5

Chrome 11 is now asking user permission to run both signed and unsigned Applets (yes, for signed applets the user is asked twice). Chromium team decided that this measure is needed even when the user is using an up-to-date JRE. Here's my bug report (which reflects solely my opinion: http://code.google.com/p/chromium/issues/detail?id=84001).

My question is, how do you guys see it? Is Java Sandbox dated and unsafe? Do browsers need to impose a second layer of protection by default?

Update:

I'm also curious about how many of you guys have a clean record experience with Java against how many every hit a piece of malicious software? As a Java Power User for more than 10 years, the only time my antivirus ever complained about something related to Java was a false positive (I was downloading some libraries from Maven Central repository).

Anthony Accioly
  • 199
  • 5

3 Answers3

5

I try not to be too much of a conspiracy theorist but I could see this as being retaliation for Oracle's copyright/patent infringement lawsuit against Google over Android. I doubt most regular users will even notice since Java applets are basically dead anyway on consumer web sites.
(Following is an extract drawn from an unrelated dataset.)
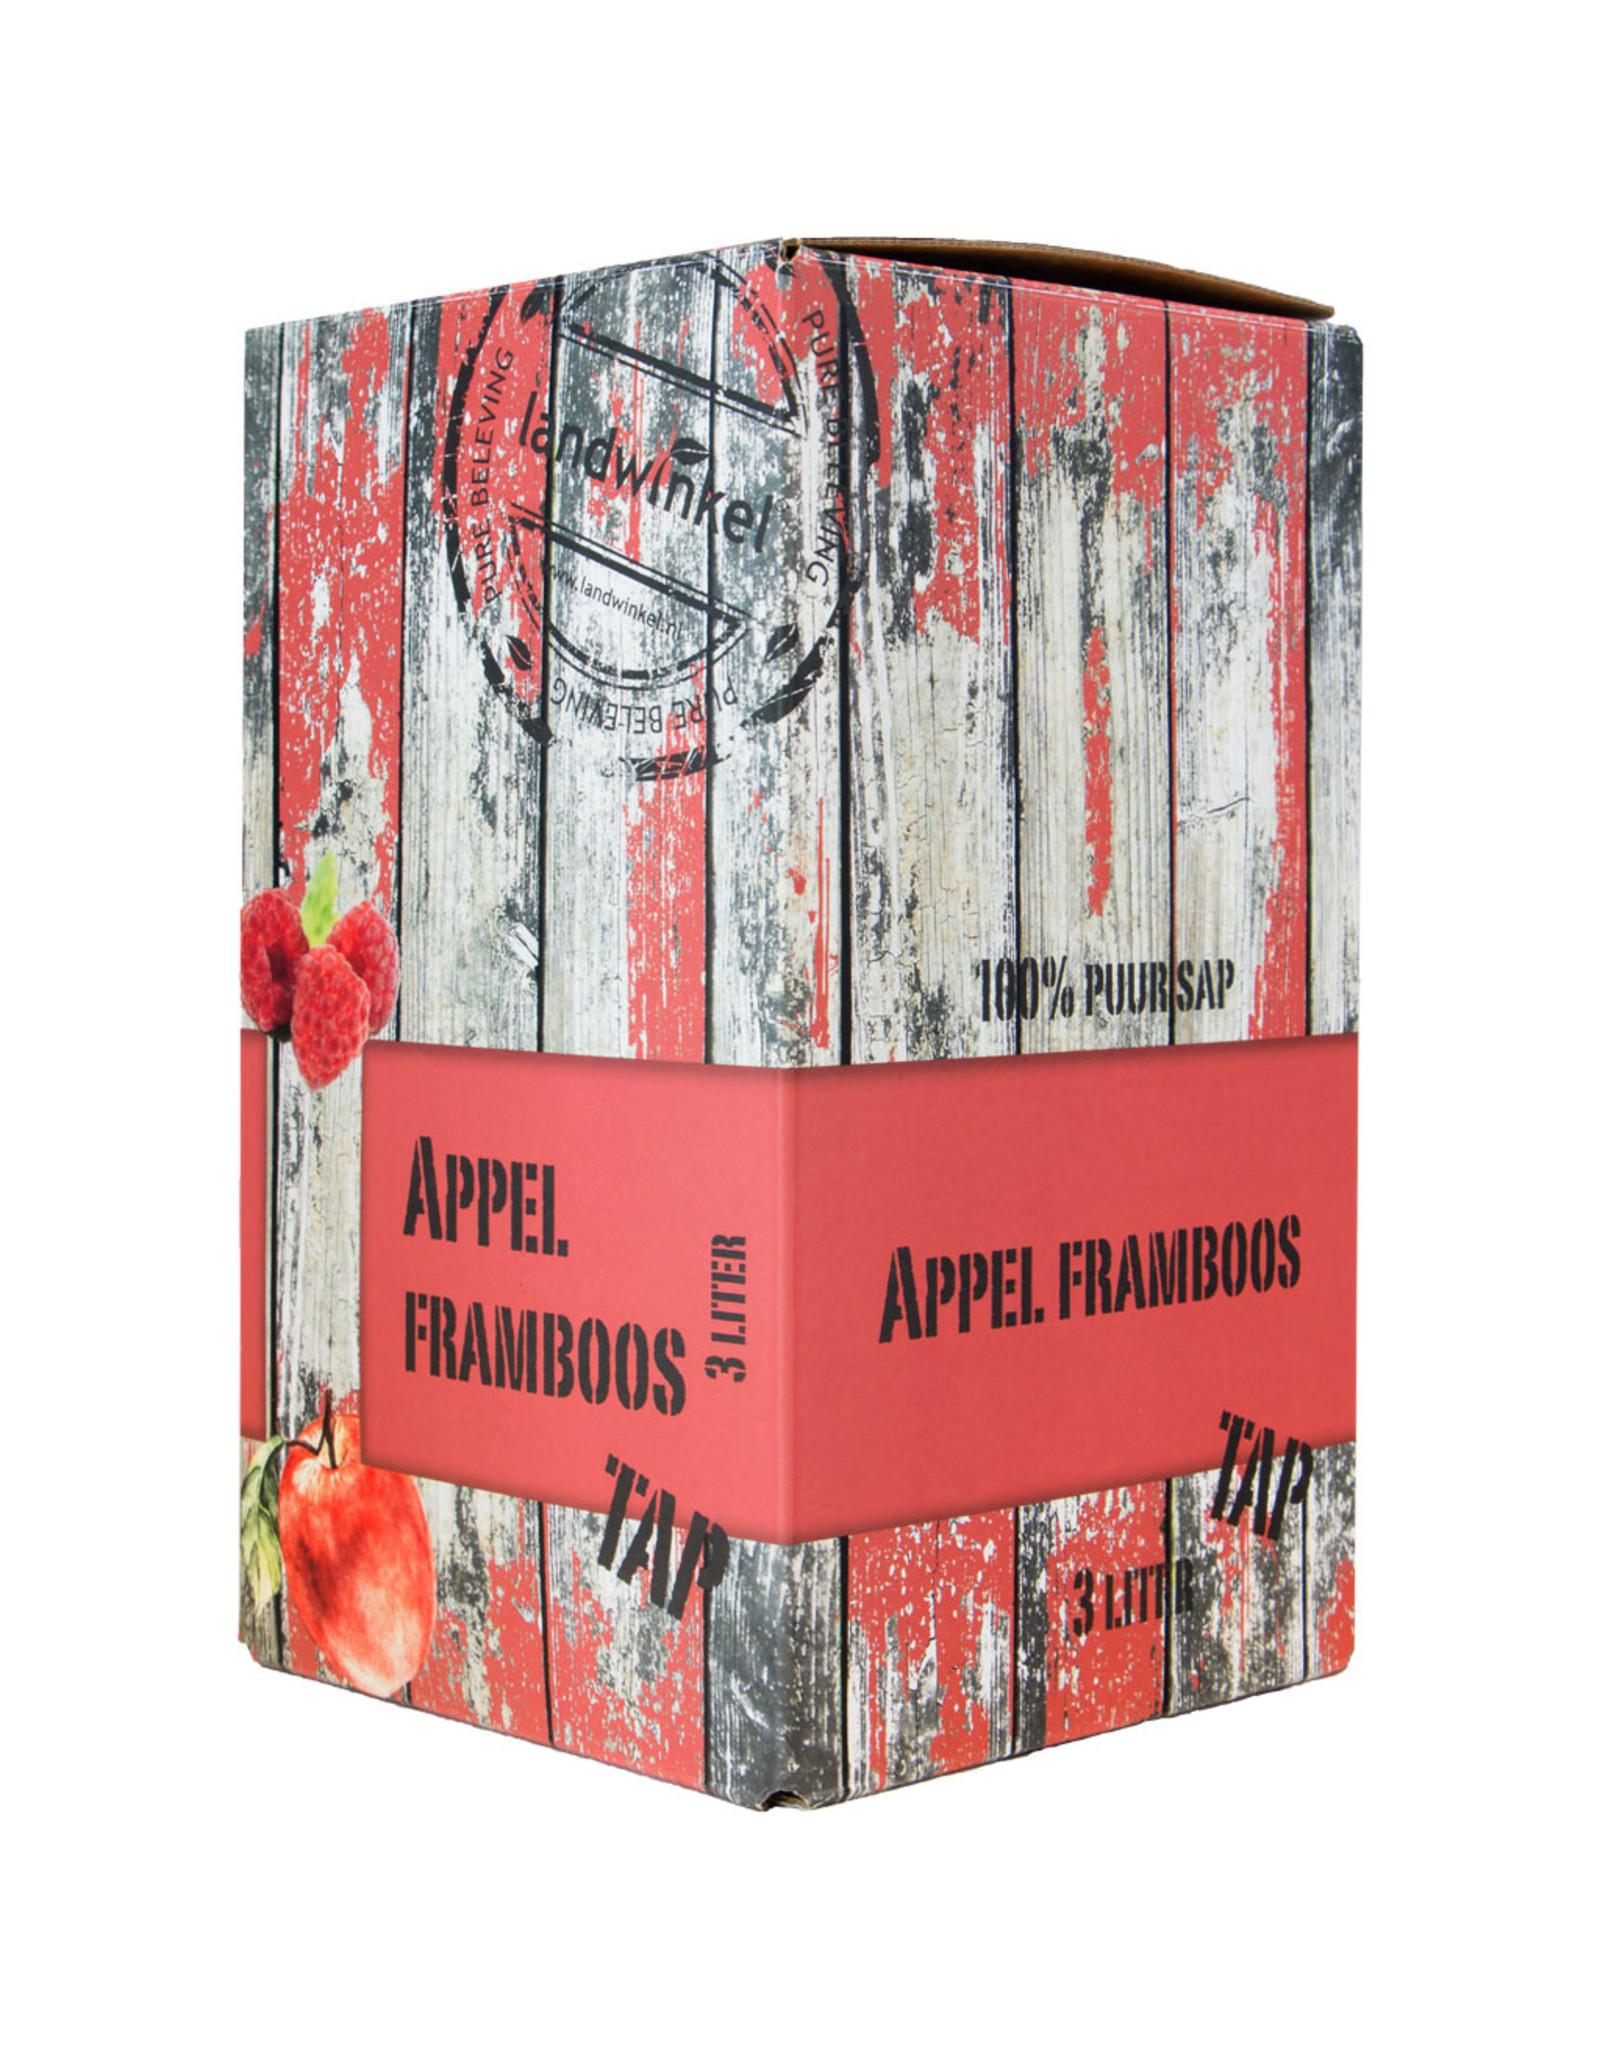 Landwinkel Appeltap sap appel Framboos 3 ltr

I prefer the approach of Firefox, which disables known vulnerable Java versions rather than trying to paint the whole approach as flawed.

Jeremy
  • 361
  • 1
  • 2
  • 1
    Fair thought since that's the first thing that crossed my mind too. It seems unfair to block new Java Versions, and a "Learn More" including bold **erros and crashes: Blocked Plug-ins** is not fair when comparing the database of Java vulnerabilities to that of XSS Attacks, Flash Crashes, etc. And blocking Java Plugin because it is not "wildely used" is just lame. justification. – Anthony Accioly May 26 '11 at 13:11
  • Just to be fair. Besides popular games, Internet Banks, File Unploaders and the general stuff that still use Applets, there is JavaFX that is a (even if not that popular) alternative to Flash and Silverlight. Besides some applets do background stuff, sometimes the users don't even need to be ware about them (no, I'm not talking about server side Java, I'm talking about client side background stuff). – Anthony Accioly May 26 '11 at 13:19
1

Here's my opinion on the matter:

There are a whole whack of people smarter than me developing both Chrome and Chromium. I leave it in their capable hands to determine what's secure and what's not.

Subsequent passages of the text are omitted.